A sheriff's cruiser pulls into the lot in response to an earlier APB. The group waves him off frantically through the glass, but he comes inside investigating. The Teddy-thing — now mostly limbs and trunk fused into something less recognizable — catches him in the gas-pump shadow. The sheriff is converted in seconds. Now there are two of them outside the cage, and what was once a sheriff's gun is no longer aimed by a sheriff.
Lacey, deteriorating fast from withdrawal, breaks under the pressure. Against the group's instructions she opens the cage in a panic, intending to run for the cruiser. The parasite catches her before she clears the door. She's dragged screaming back into the dark, her spine snapping audibly as the parasite reshapes her for its next host. The group reseals the cage.
Polly is clawed by an infected hand reaching through a gap. Her own hand starts to feel different almost immediately — the splinter has entered her bloodstream and is beginning to move. Seth and Dennis confer and reach the only available conclusion: the hand has to come off, now. They wedge her wrist on the counter, weight a cinder block on her forearm to crush the bone, and finish the amputation with a box cutter. The severed hand crawls on its own a moment later, before they can throw it clear.
Seth's biology brain catches up. The parasite tracks heat; it ignores cold. He raids the cooler aisle and the gas station's freezer. They pour cold liquids over themselves, strap frozen items to their bodies, lower their core temperatures as far as they can stand — until, on the parasite's heat-sense, they should read as ambient. The plan: dash from the mini-mart to Dennis's stashed getaway car at the gas-station's outer edge, while the parasite (now a mass of fused-together Teddy / Lacey / sheriff parts) can't pick them out from the cold air around them.
The dash goes wrong by degrees. The parasite-mass is faster than they thought; the cold buys them time but not safety. Dennis turns and draws the creature's attention, sacrificing himself to keep the path clear for Polly and Seth. They reach a vehicle, get it started, and gun the engine through the gas-station perimeter and back onto the highway. Polly, one-handed and freezing, drives.
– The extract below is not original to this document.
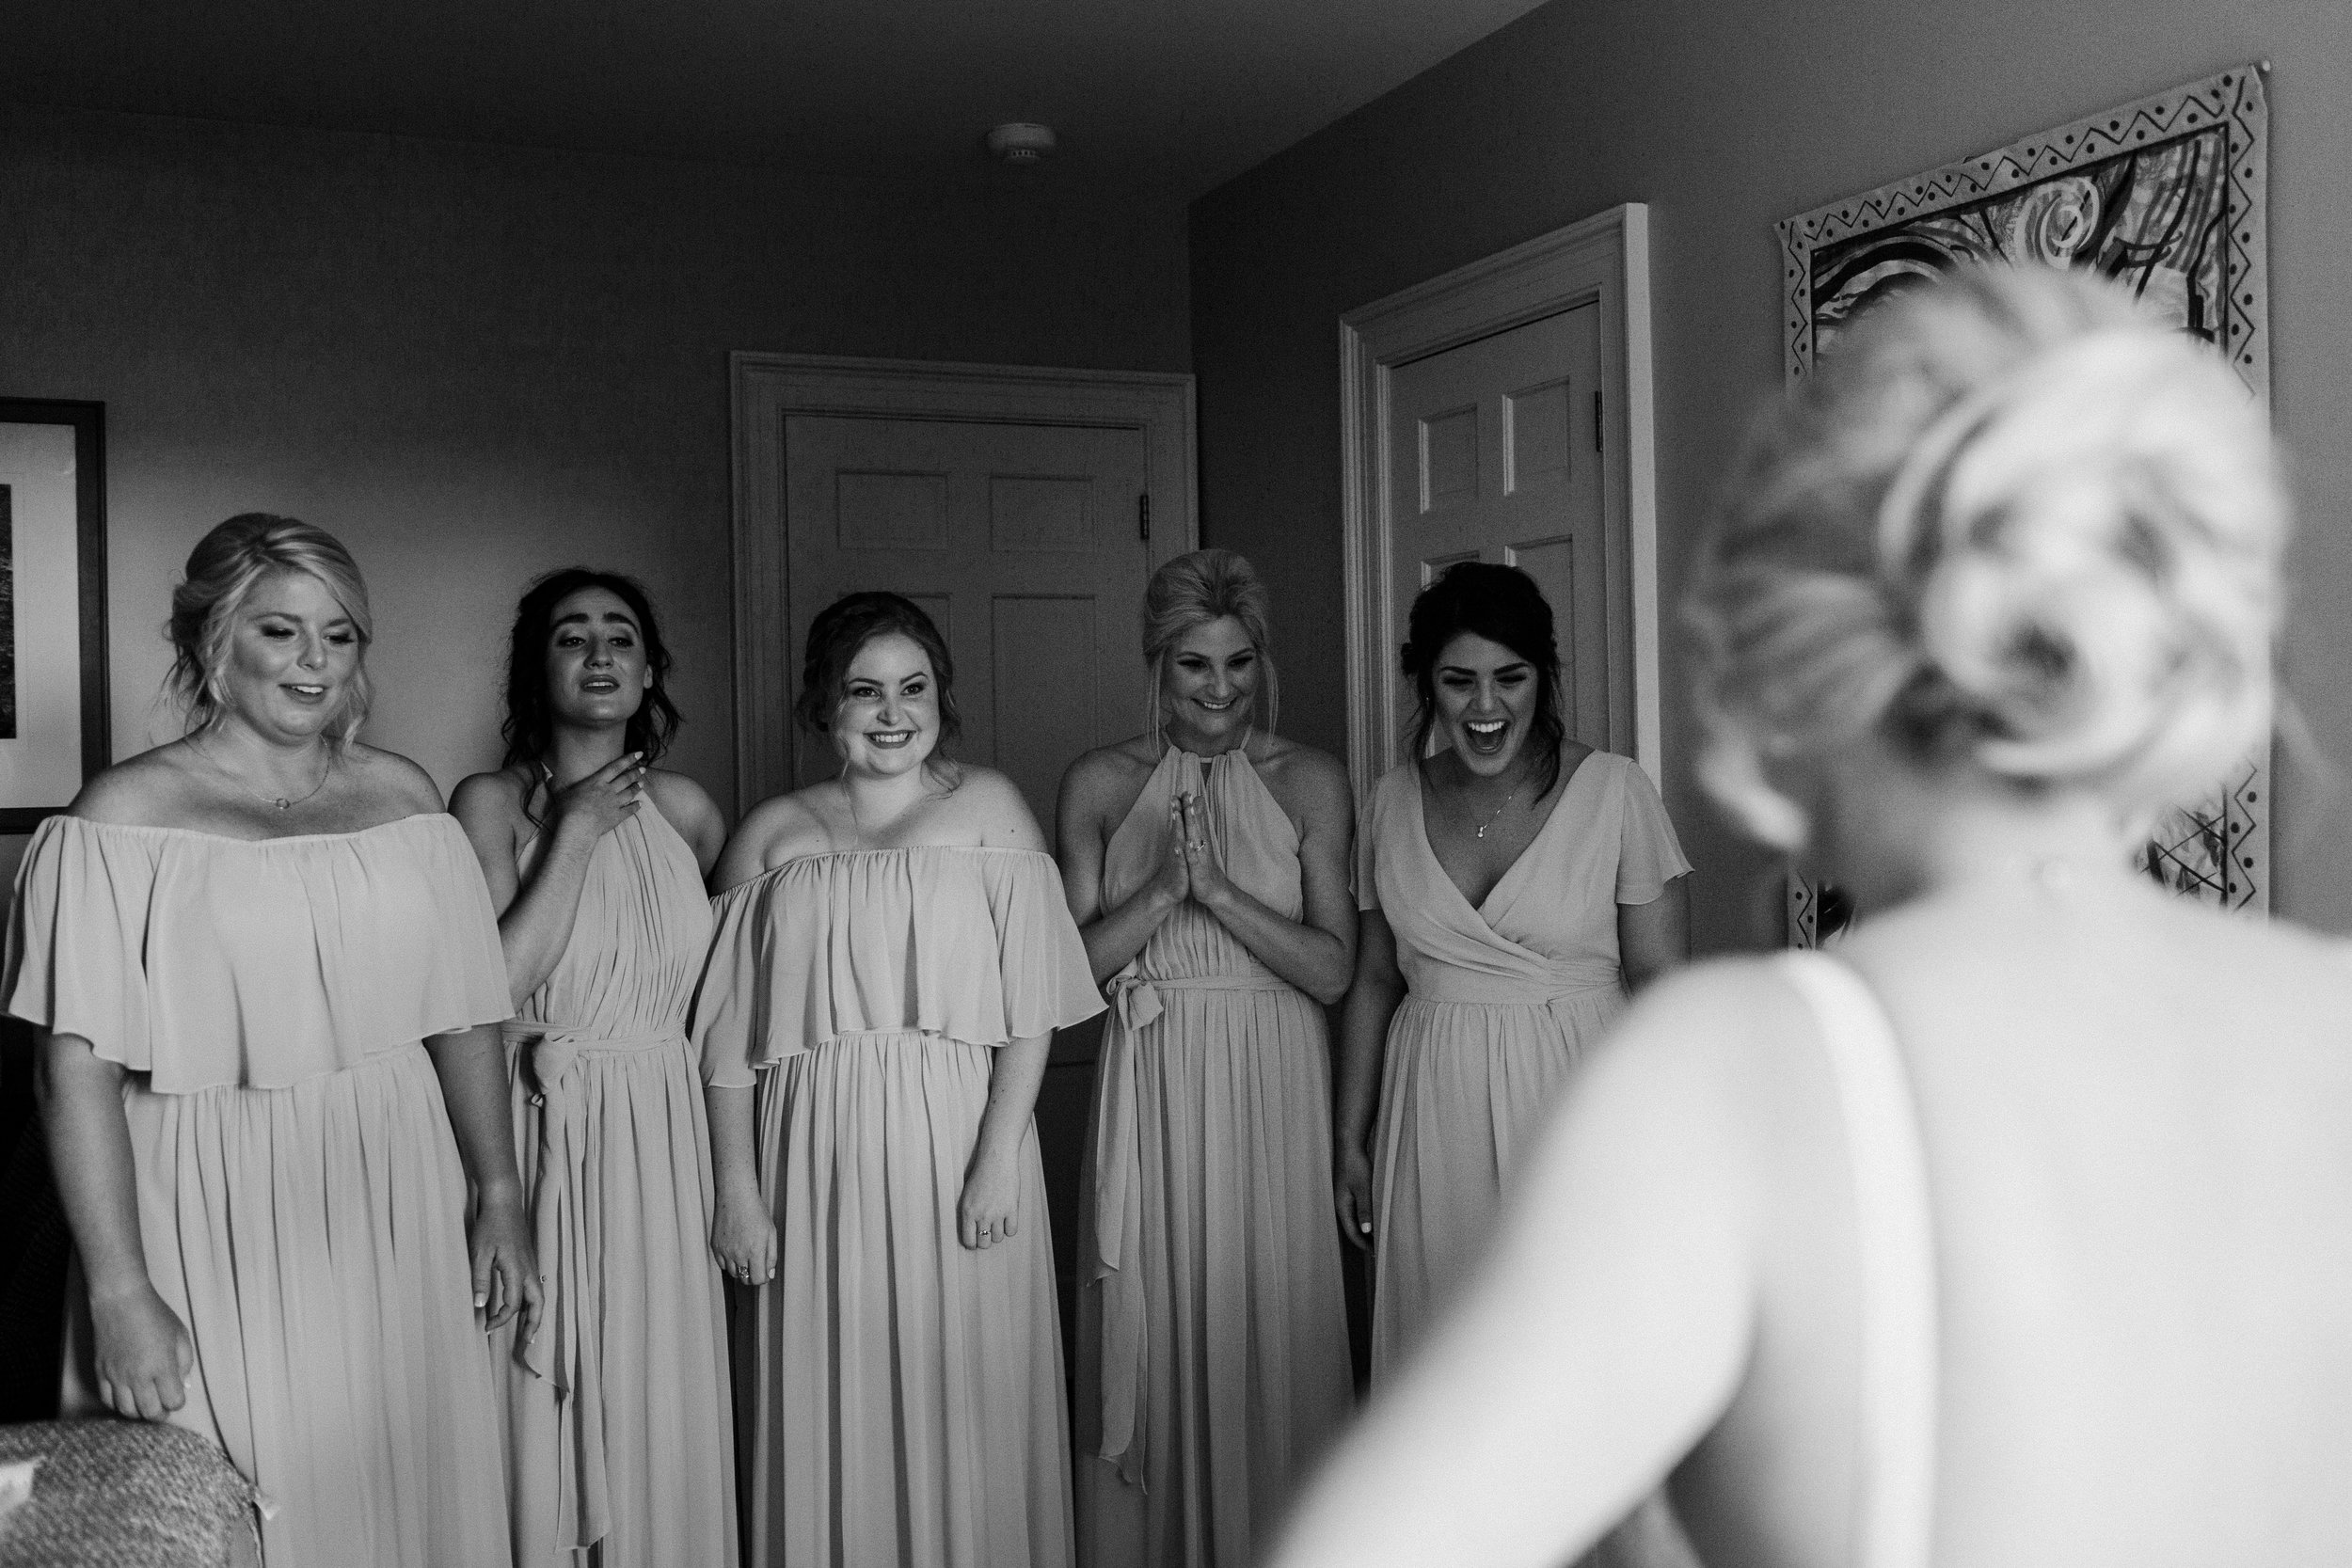 knoxville-wedding-photographer-169.JPG

Seth slumps in the passenger seat, alive.
The film closes on the two of them on the open road in the small hours of the morning, the gas-station glow vanishing in the rearview. They are the only ones left. The parasite mass remains contained at the station; the sheriff's APB will eventually bring more people to the site — implying, without showing it, that the cold isolation of the gas station was the parasite's first cage but won't be its last.